Travis avait su parfaitement manœuvrer, doublant le yacht par bâbord avant de foncer droit sur la poupe, là où se trouvait le moteur. La collision fut spectaculaire. Ils furent tous trois éjectés de leur place, malgré leur préparation à l'inévitable et à leurs sangles. Anita tomba et roula sur son mauvais bras, en poussant un cri de souffrance aiguë. Travis ne lâcha que d'une main la barre, se retenant par miracle. Hugo bascula vers l'avant, perdant l'équilibre et manquant de lâcher son arme dans la chute.
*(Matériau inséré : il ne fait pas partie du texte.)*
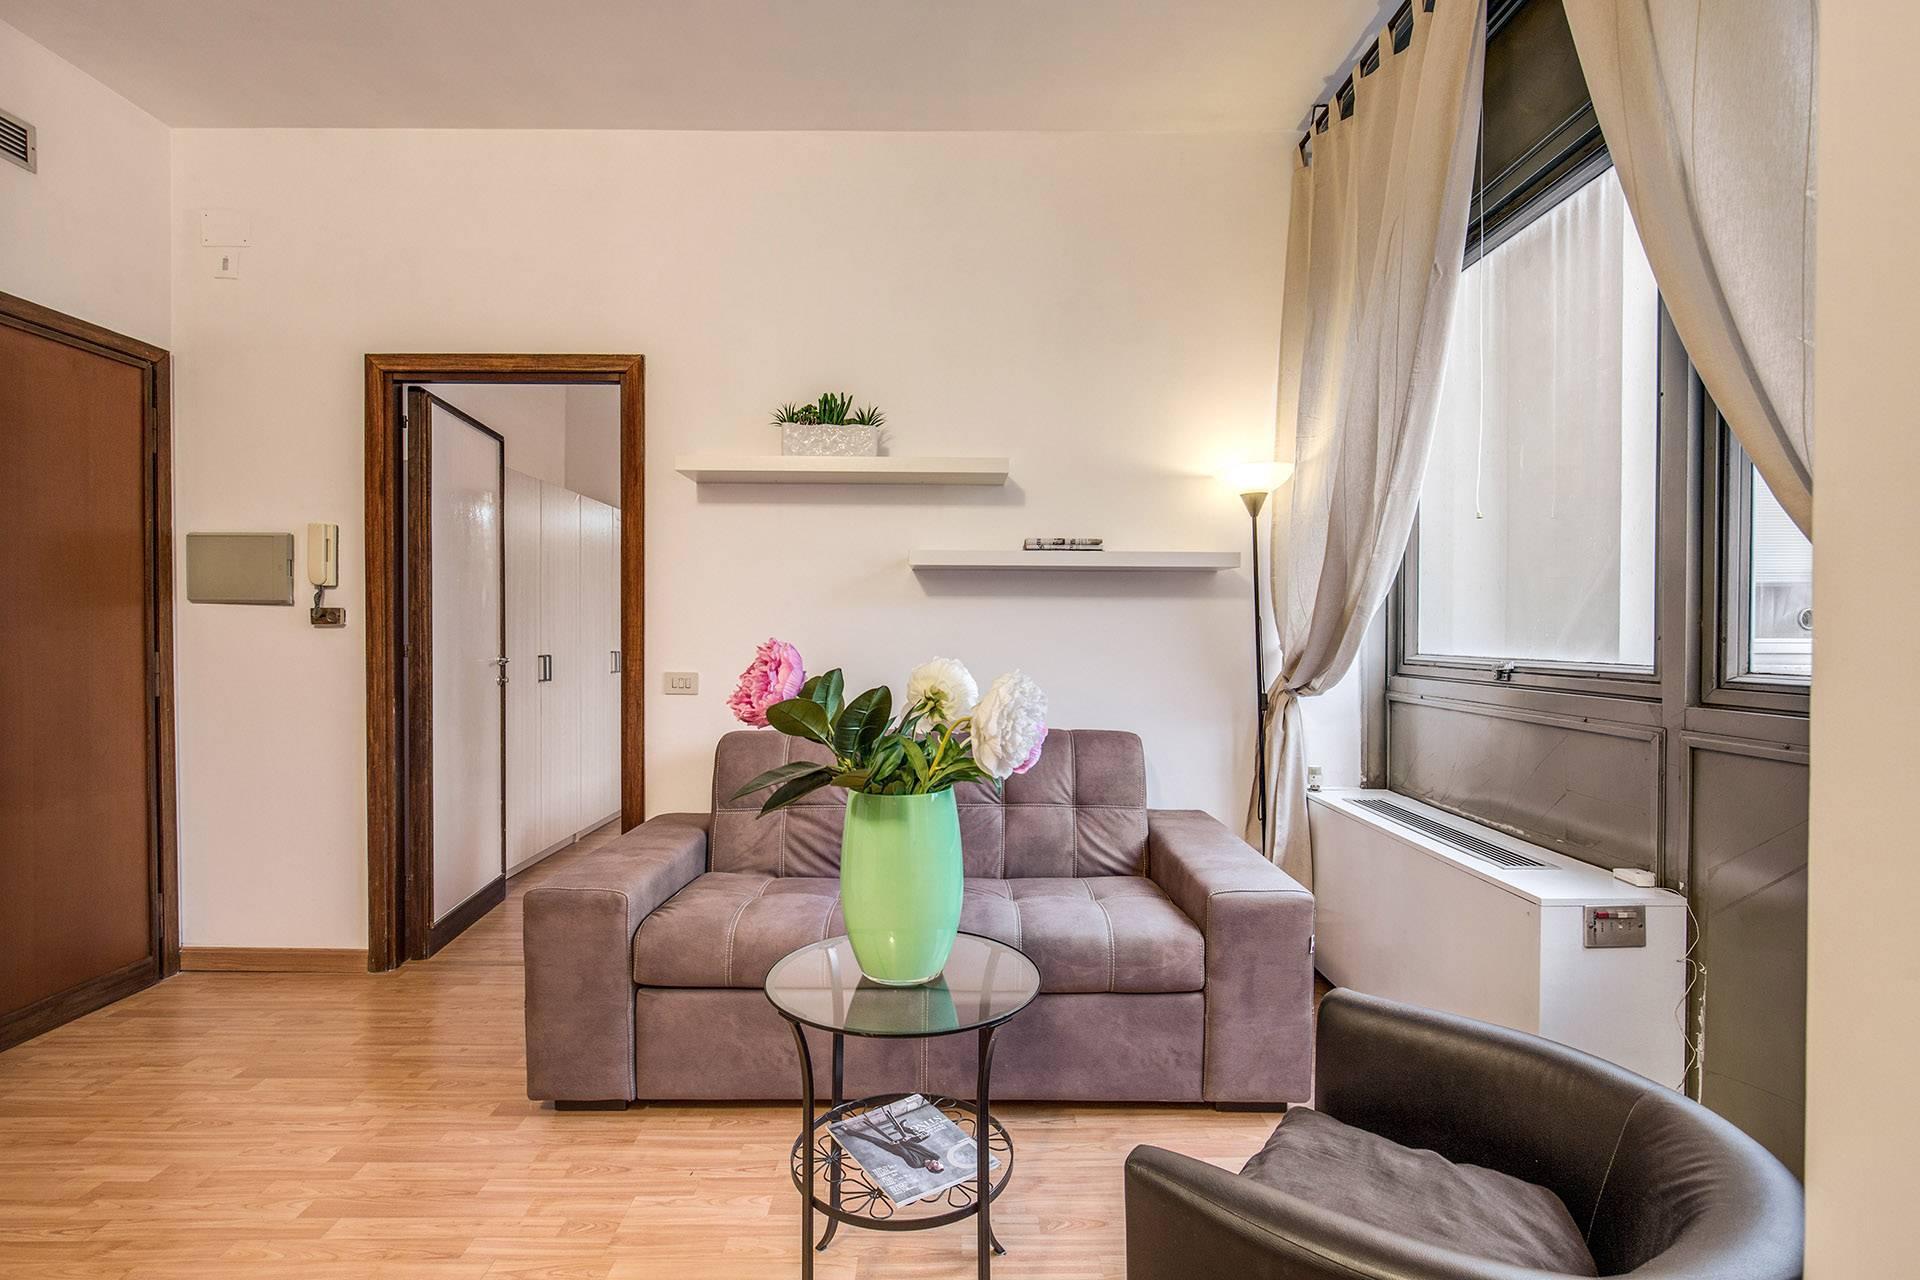 Как недорого снять квартиру в риме у достопримечательностей
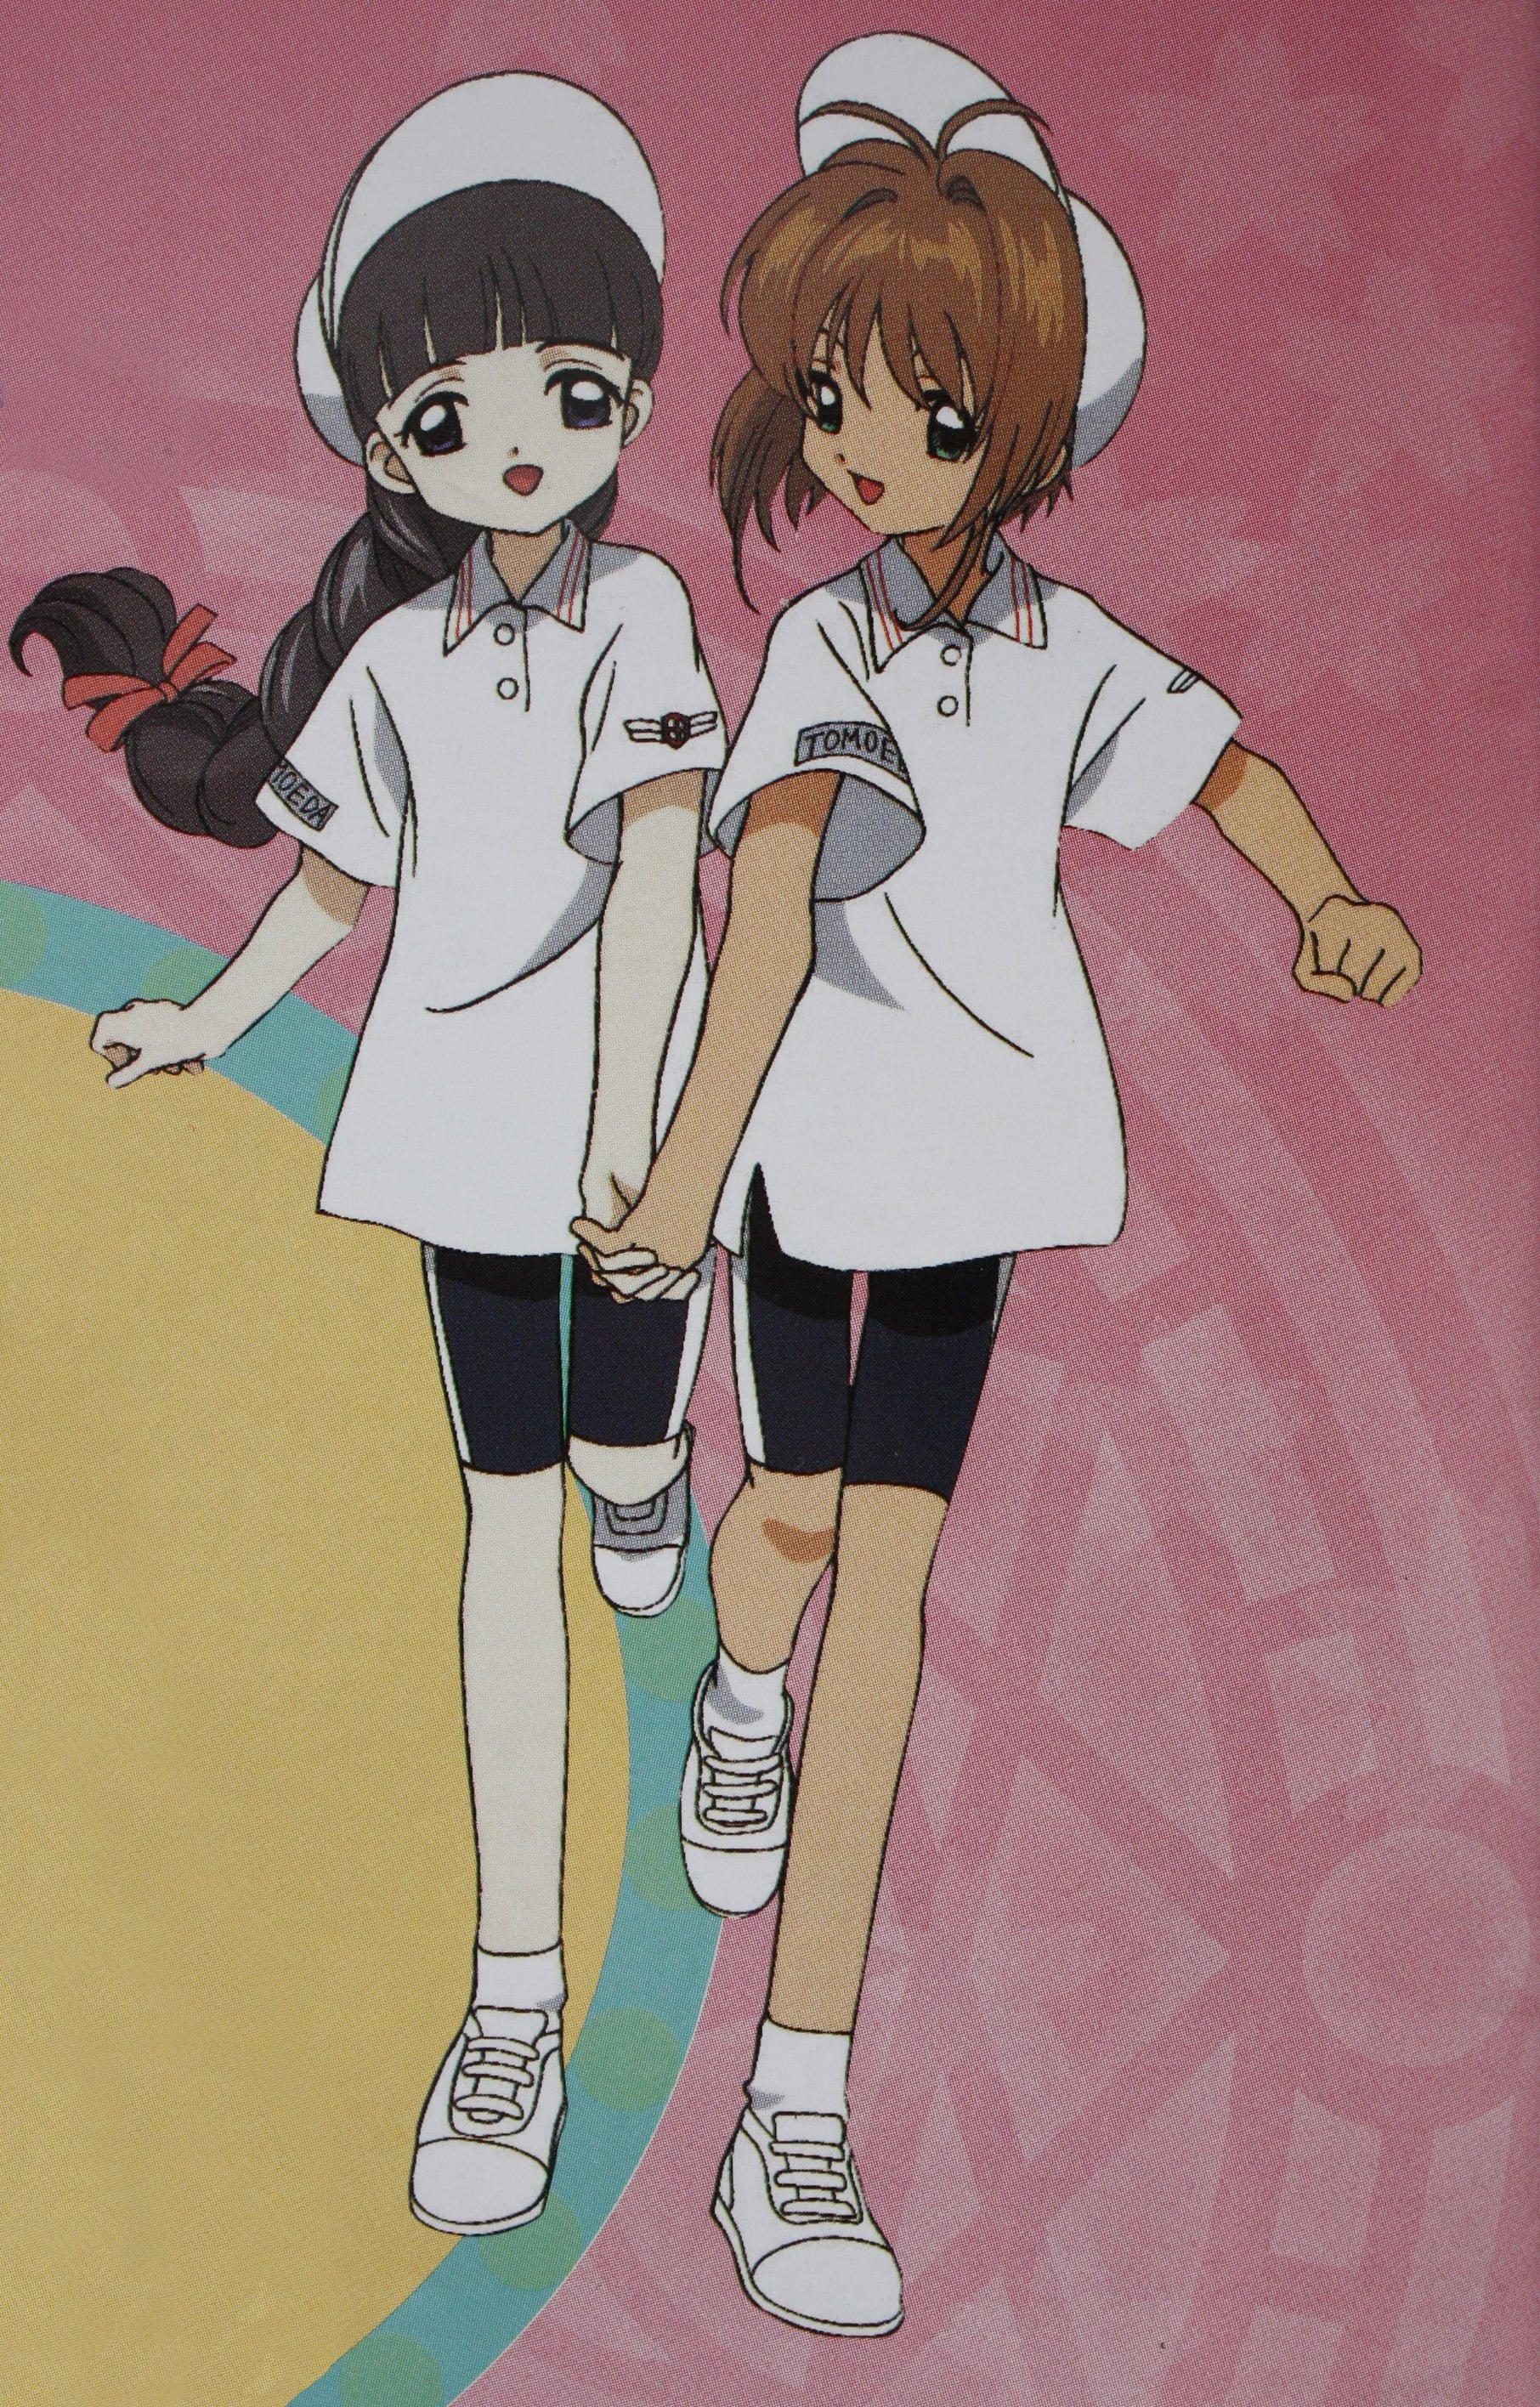 sakura y tomoyo uniforme de maraton

Il s'agrippa à elle comme à une bouée.

Un trou énorme avait déchiré la coque du Red Siren, dont il voyait le monogramme, une sirène écarlate et les deux mots en lettres gothiques. La percussion avait également fait éclater l'avant de la Manta, tordant l'acier-titane et le polycarbonate en une sculpture surréaliste.

Vite, maintenant, très vite.

– Take the gun and the bullets in the bag. Quickly!

Il se relevait déjà à toute vitesse, dérapant à moitié sur le pont trempé d'eau de mer. Il replaça aussitôt son œil derrière le viseur.

Les vagues puissantes s'engouffraient par l'ouverture béante.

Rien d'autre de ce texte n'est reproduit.